Throughout the period of the last year we have been working on trying to put something together that might have broad support. One of the true leaders in this effort has been the Senator from Wisconsin, and I would like to publicly in this forum, as I have done elsewhere, congratulate him for not only his interest but his persistent interest in this matter.

As he has pointed out, this proposal and now the specific legislation as well has the support of the General Accounting Office, the Congressional Budget Office, the Treasury, OMB, as well as bipartisan leaders in the other body. This is certainly helpful background as we consider the matter this morning. While I have no specific questions, I do appreciate this opportunity, Mr. Chairman, to pay tribute to the leadership of the Senator from Wisconsin on this very important matter.

Thank you.

Senator PROXMIRE. Thank you very much, Mr. Gradison. I want to tell you again how very grateful I am for your activity on this in the House, and if it has a chance, I know it will be because of your efforts.

Mr. JENKINS. Mr. Dorgan?

Mr. DORGAN. Thank you, Mr. Chairman.

I appreciate your statement, Senator Proxmire. I am not as familiar as I want to be with the Federal Financing Bank, but I do know that it is very important to our part of the country with respect to its support of REA programs and others. The 29-percent annual rate of increase in outstanding loans is something that concerns me. I am wondering, however, if the increase in loan activity is not tied directly to the monitary policy that was adopted in 1979, that created such tremendous instability in the private sector lending, and the result is that virtually everyone that could would try to move into financing from the FFB.
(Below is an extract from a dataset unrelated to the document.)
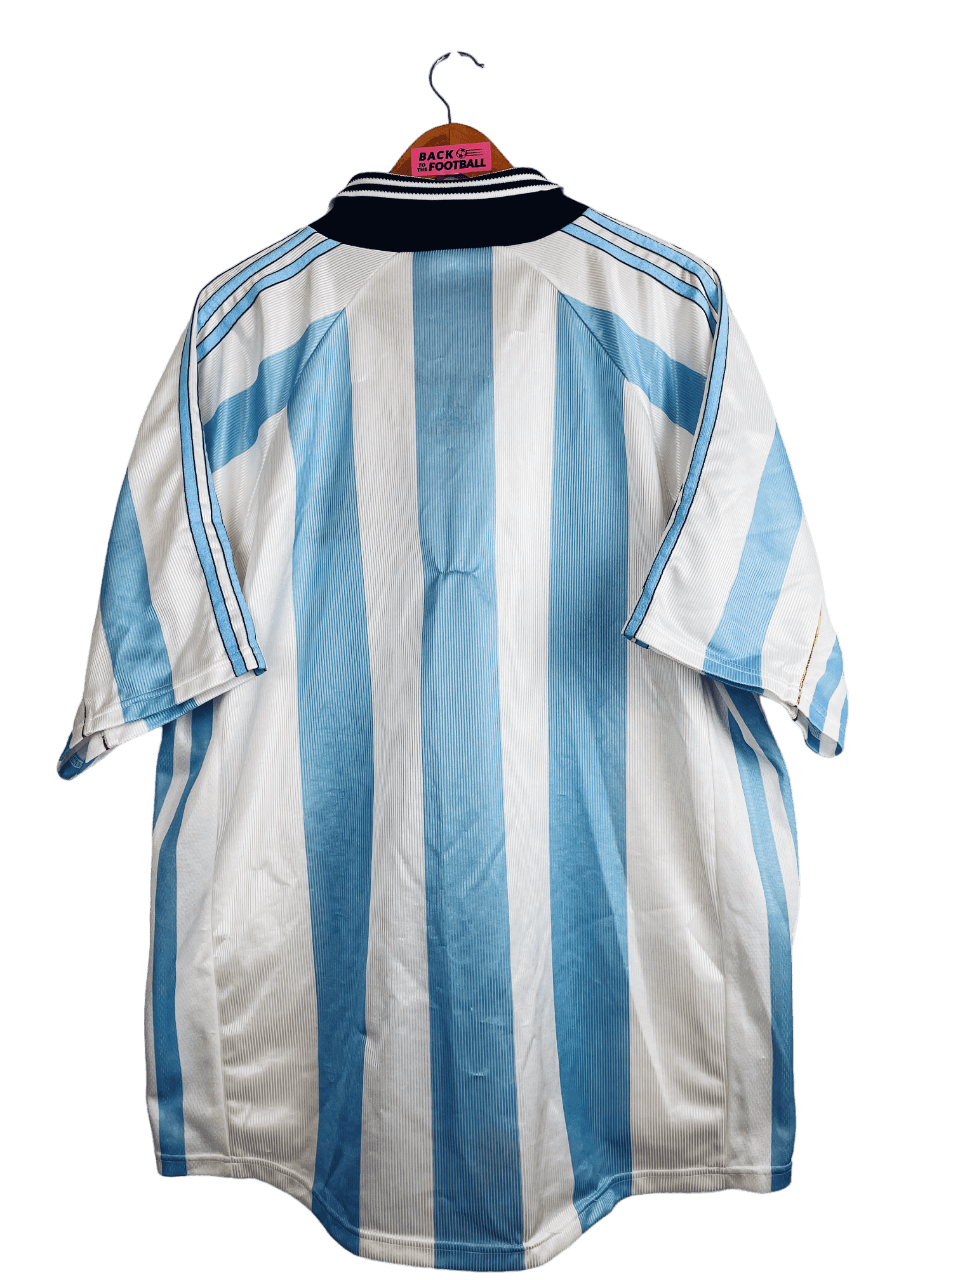 Maillot vintage 1998 - Argentine (XL) - Back To The Football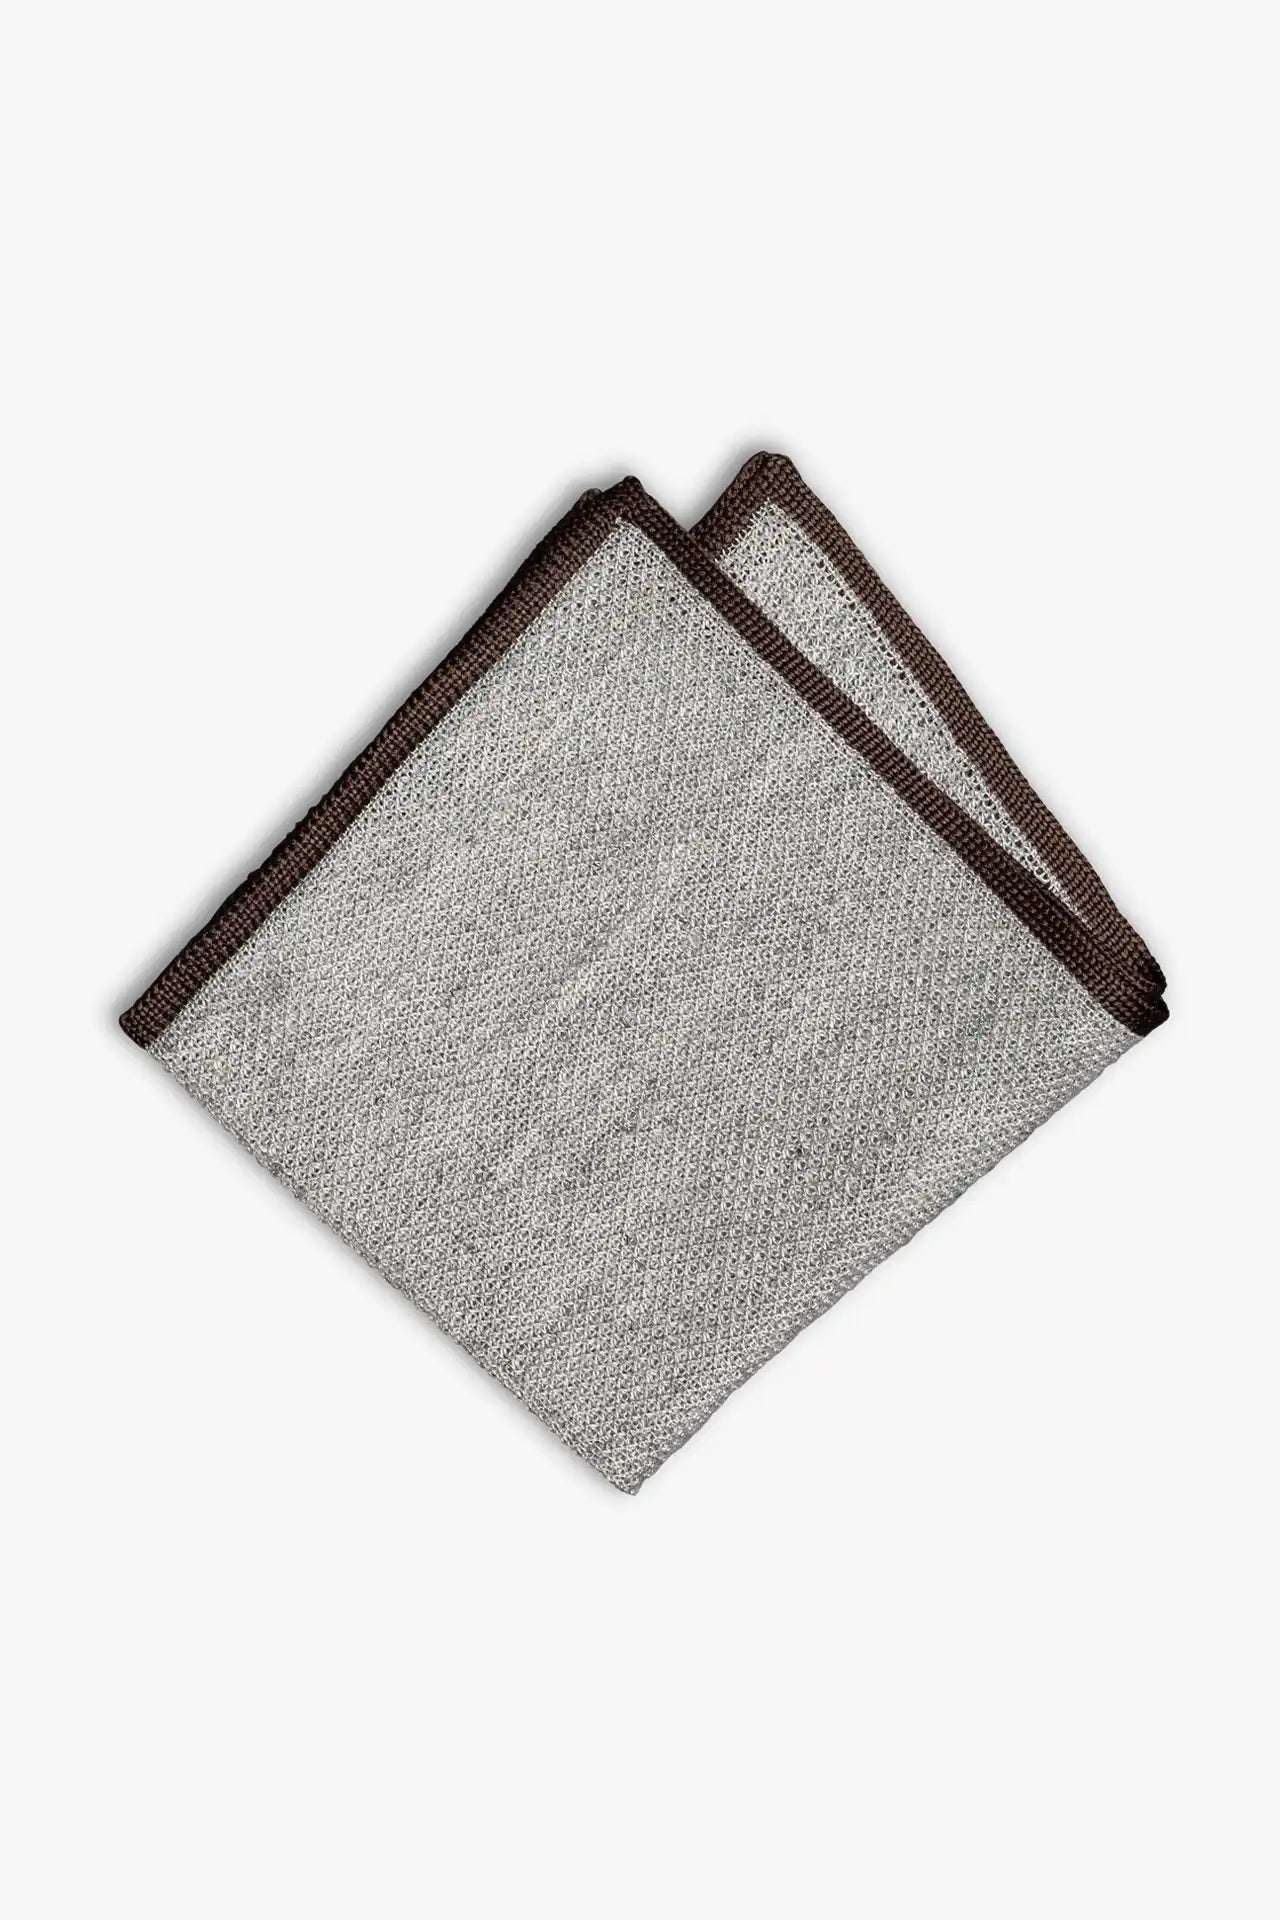 Gray knitted pocket square with brown boarder. Made of silk in Italy.

Is that probably what stimulated an unusual amount of activity here?

Senator PROXMIRE. Well, there is no question. As you say, you are absolutely right that the increase in borrowing by the Federal Government is increased at all levels and in all ways. The point that I made, though, with the 29 percent compared to about a 14percent increase in other Federal credit programs is that this is kind of a privileged operation.

Because it escapes the discipline of the budget, there is a temptation to put programs through the Federal Financing Bank and for everybody to use this vehicle because it does not reflect itself in the budget. We are all concerned about the budget. We all focus on the deficit. We complain about it. And this is one way of getting out of it. And it just seems to me it is very unfair.

I agree with you. I am concerned about REA, too, and I have talked to REA groups about this. We have the same problem in our State. As you know, we have a big agricultural concern and agricultural economy, but I am convinced that the only fair way to do this is to treat everybody alike, to have a level operation and not

discriminate on the basis of one Federal borrowing agency being able to work through the Federal Financing Bank and others not. Mr. DORGAN. Well, I understand your point

Senator PROXMIRE. You can make a strong case for the capital budget, because you can argue, as Mr. Kudlow just did, in response to a question, that this might affect the opportunity to borrow money. Well, maybe we ought to change that. But I cannot understand for the life of me why we should discriminate in this particular way and have a Federal Financing Bank that accommodates some borrowing and not others.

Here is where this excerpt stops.